Carrie Johnson – The U.S. government has spent more than $770 billion on private contractors in Afghanistan and Iraq since the war began.
And the Justice Department is following the money — aggressively targeting corruption, and even sending investigators into the war zone to build criminal cases.
But the prosecutions are raising some practical difficulties.
Shackled, Handcuffed And Flown To Virginia
One story begins in April 2009, on a rainy day in Afghanistan. Contractor Raymond Azar waited in a cafeteria with a co-worker for a U.S. Army Corps of Engineers officer to come discuss a project.

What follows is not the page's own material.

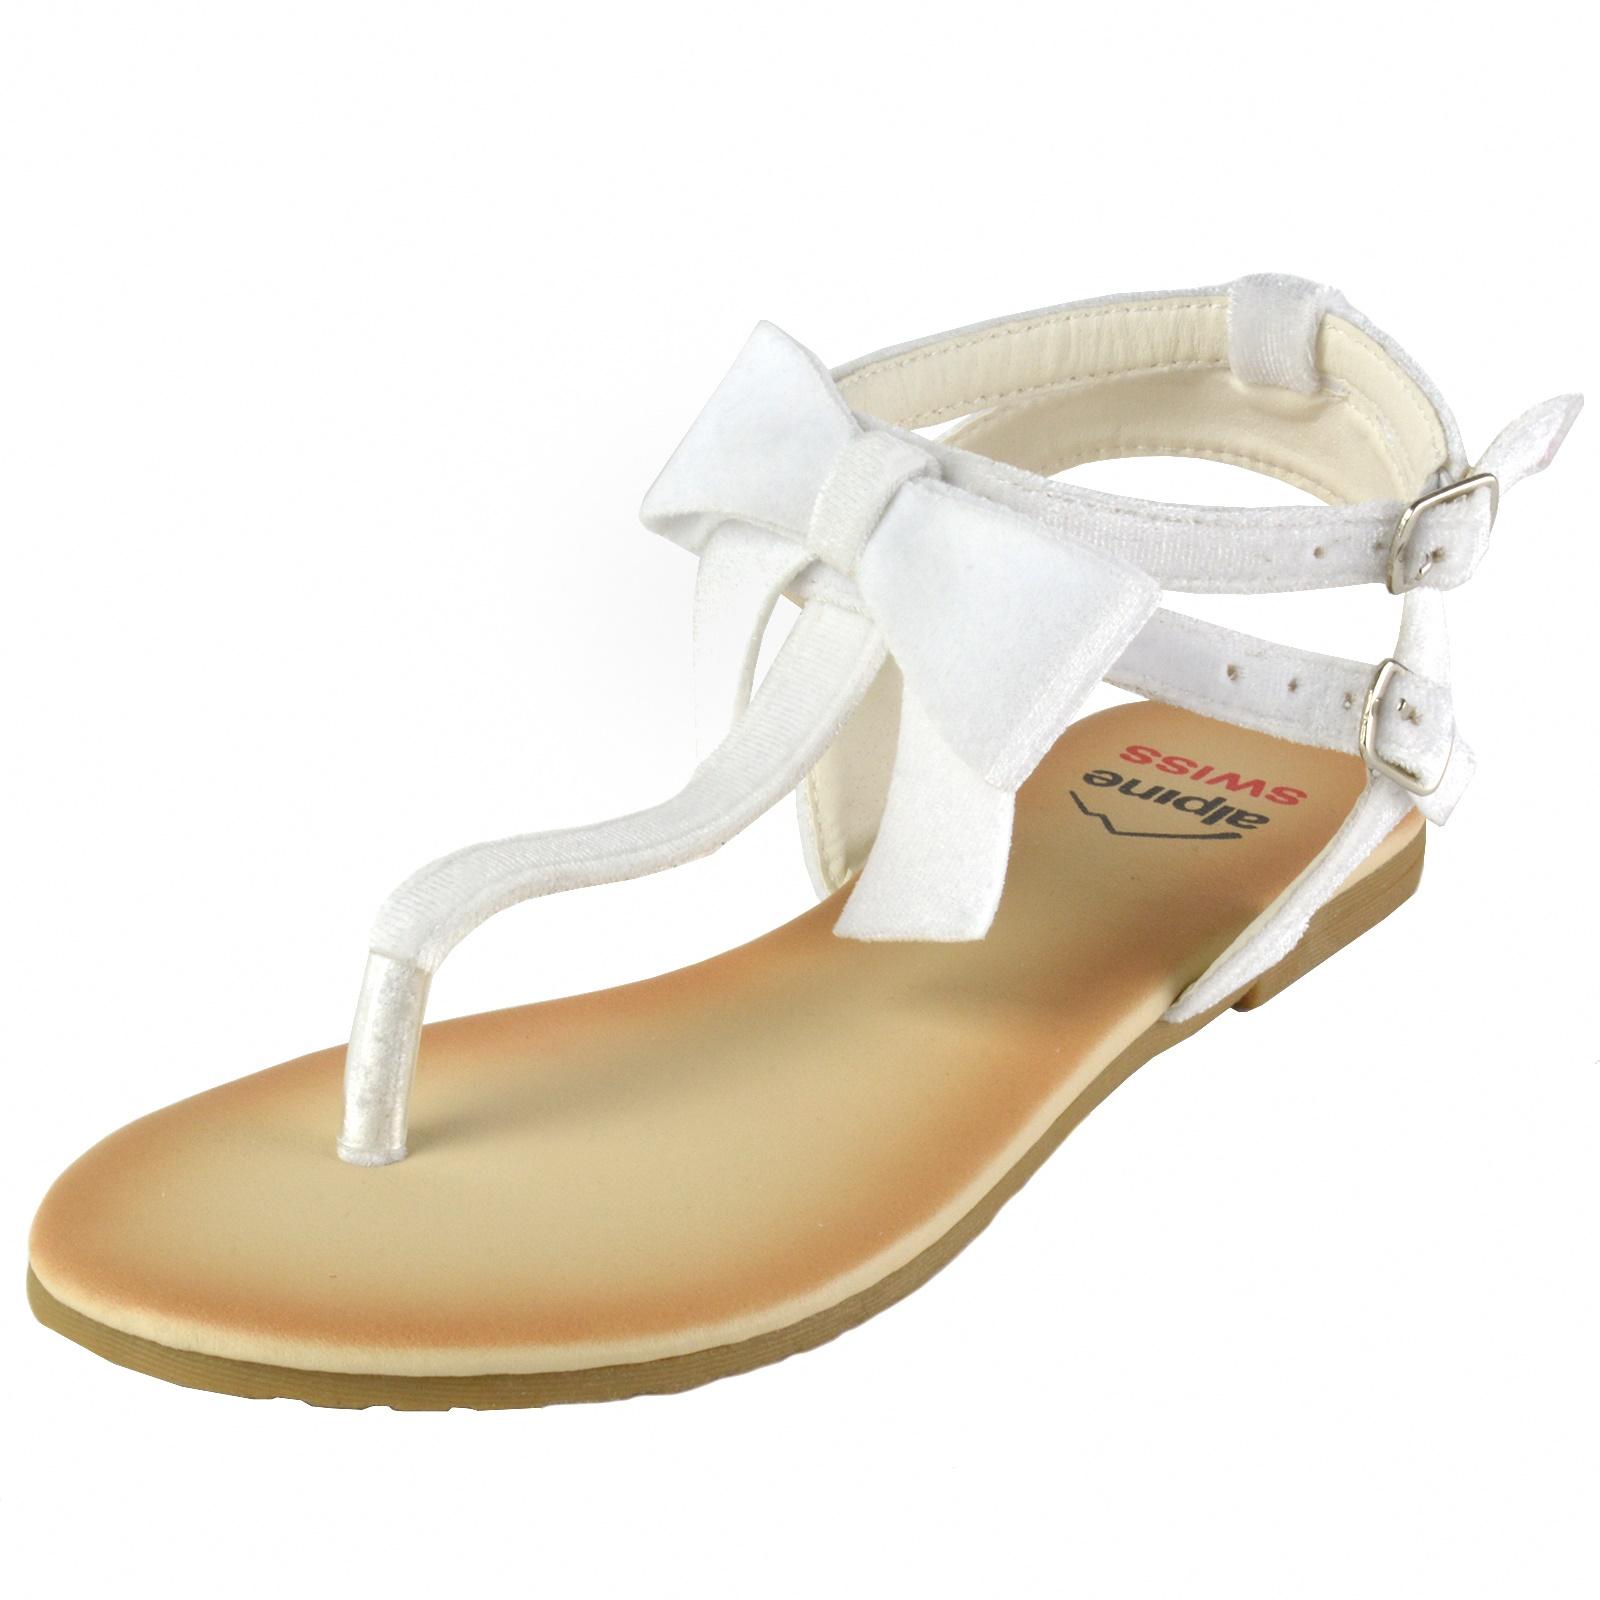 Alpine Swiss Womens Velvet Bow Sandals TStrap Thong Gladiator Slingback Flats

Instead, a group of federal agents came. Azar’s lawyer Jim Hibey described what happened next.
“So they shackle his feet, they handcuff him at the waist, with a chain around the waist,” Hibey said. “I should say before they do that, they do a full body strip search. Not only is he naked, but when I say full body I mean full body cavity search.”
Azar was charged with bribing the U.S. Army Corps of Engineers. The feds hustled Azar onto a plane, where he set off, hooded, on a 17-hour flight to Virginia.

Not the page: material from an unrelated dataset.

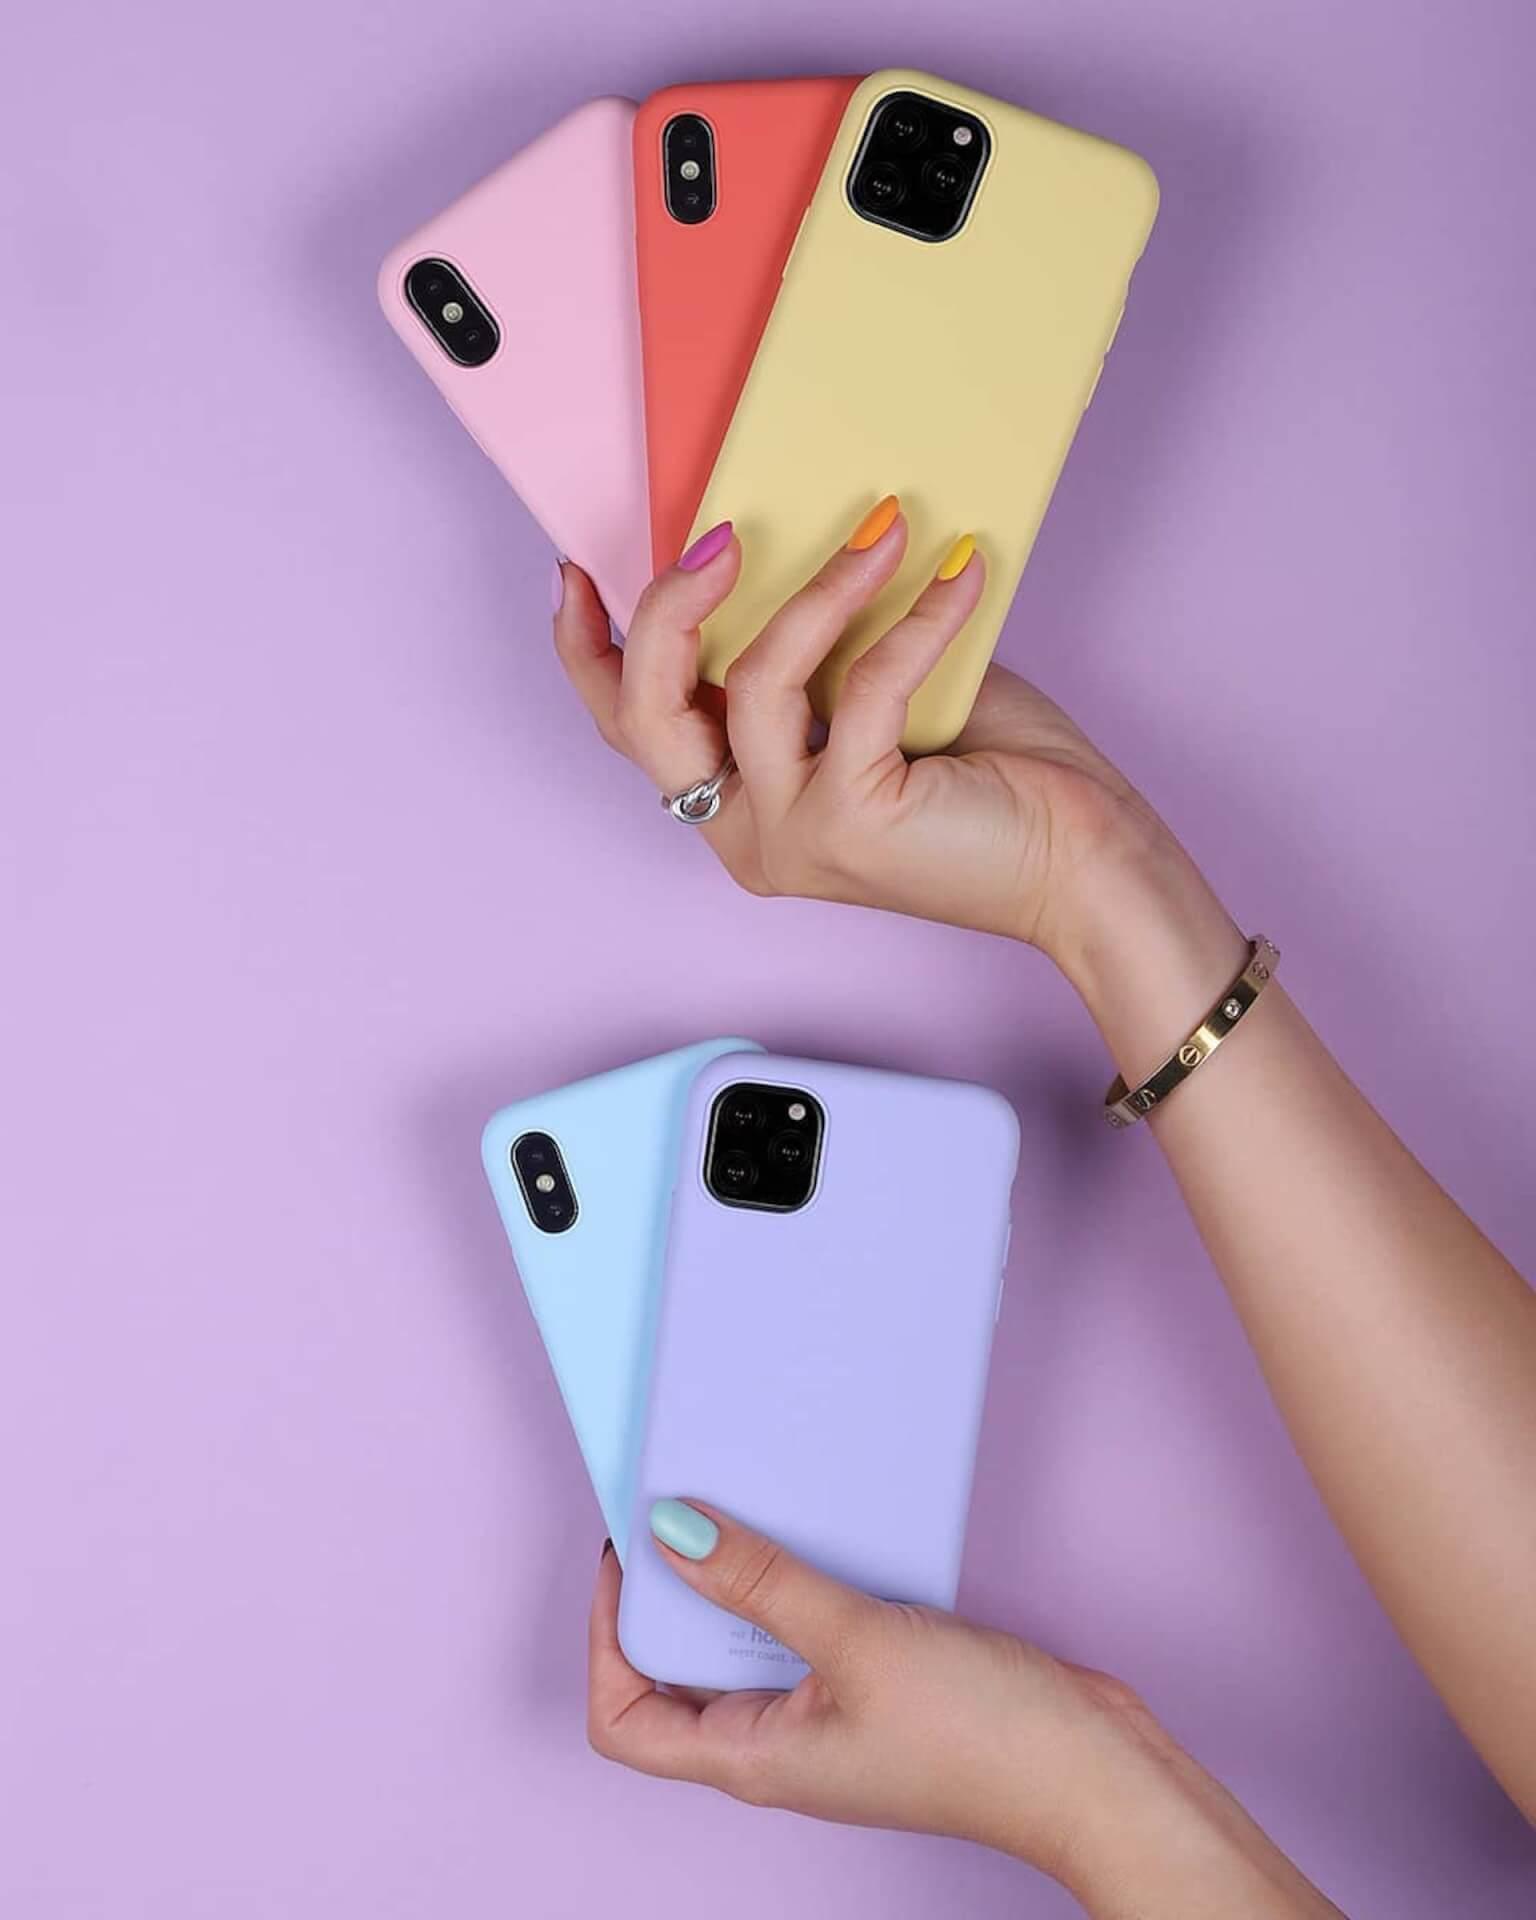 豊富なカラーバリエーションが人気のHolditシリコンケースにiPhone 12シリーズ専用ケースが登場! tech201022_iphone12_case_2

Hibey says that Azar, who’s from Lebanon, spoke little English at the time, surely not enough to understand a Miranda warning. “They claim that they advised him of his rights,” Hibey said. “The guy can’t speak English but they advised him of his rights? He doesn’t know a right from his left.”
The amount of the bribes? Not much more than $100,000.
Azar traveled on a chartered plane, was held for the next several months in U.S. custody, and eventually pleaded guilty late last year. So did his American-born co-worker and her sister, a retired contracting officer for the Army Corps in Afghanistan.
Azar returned home to his family a few months ago.